A Penn State study found that AI answers medical queries with 76.2% accuracy, but fails in more than 20% of cases

News Desk
Thu, Jun 11 2026 09:24:45 UTC

Time to Read 5 Min

More and more people are asking artificial intelligence what a pain, a spot on the skin, a fever that doesn't go down, or a symptom they don't understand can mean. It's fast, convenient and often sounds convincing. Therein lies the problem.

A new study led by researchers at Penn State's College of Health and Human Development (HHD) draws a clear line: Chatbots may get many health consultations right, but they still get too many wrong to use as a replacement for a doctor's consultation.

According to the analysis, the responses generated by language models had an overall accuracy of 76.2%. But the error rate exceeded 20%, about double that seen in human doctors, according to the researchers.

What the study analyzed

The work sought to measure how an ordinary person uses artificial intelligence when they have a medical question. It was not an idealized exam or questions designed only for specialists, but rather queries similar to those that any user could write on the Internet.

The researchers organized a competition called Diagnose-a-thon at Penn State. 34 people participated, including professors, employees, and undergraduate and graduate students. In total, they presented 212 AI-generated questions and answers about real and imagined health problems.

Participants could choose between four models: ChatGPT-4o, ChatGPT-3.5, Gemini-1.5 Pro and Llama3-8b. Nine certified doctors then evaluated the accuracy of the answers and the potential harm they could cause, using a six-point scale.

The AI got it right enough, but not enough

The result has two readings. The first is that AI can already answer many basic medical questions quite accurately. The second, less comfortable, is that “enough” is not enough in health.

The researchers found that 76.2% of the AI-generated responses offered accurate information. The best areas were obstetrics and gynecology, and otorhinolaryngology, where the models had high validity scores and lower risk.

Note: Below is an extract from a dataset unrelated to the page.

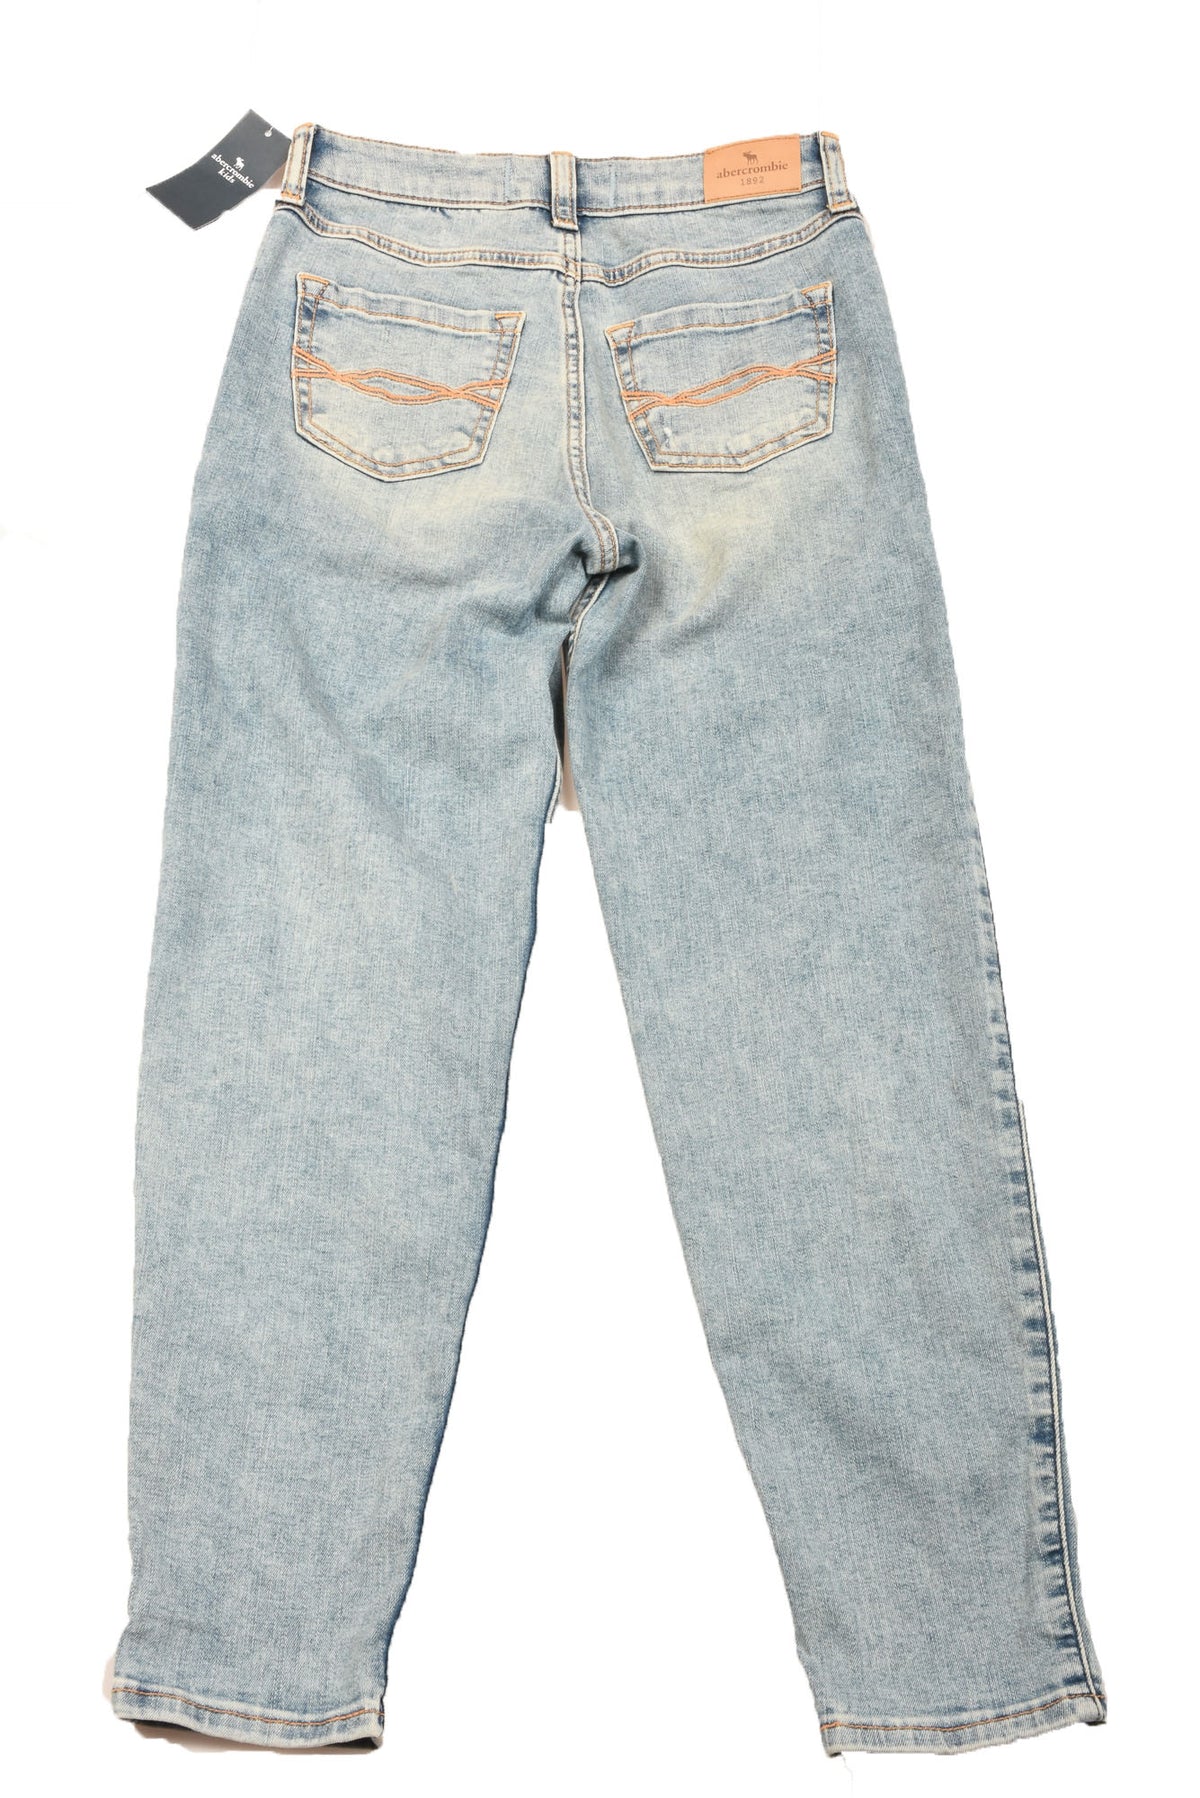 Abercrombie Kids Size 11/12 Slim Girl&#39;s Jeans

But performance fell in internal medicine, neurology and dermatology. In those areas, the models showed lower validity and a greater possibility of harmful responses. This matters because many real consultations start right there: persistent pain, dizziness, neurological symptoms, skin lesions or discomfort that is difficult to describe.

Why the error can be serious

An AI medical error does not always mean an absurd or easy-to-detect phrase. Sometimes the problem is more subtle: an answer that sounds safe, seems reasonable, and leaves out important information.

It can minimize a symptom that requires urgent attention. It may suggest the wrong cause. You may give an incomplete recommendation. Or you can mix correct information with other that does not correspond to the case.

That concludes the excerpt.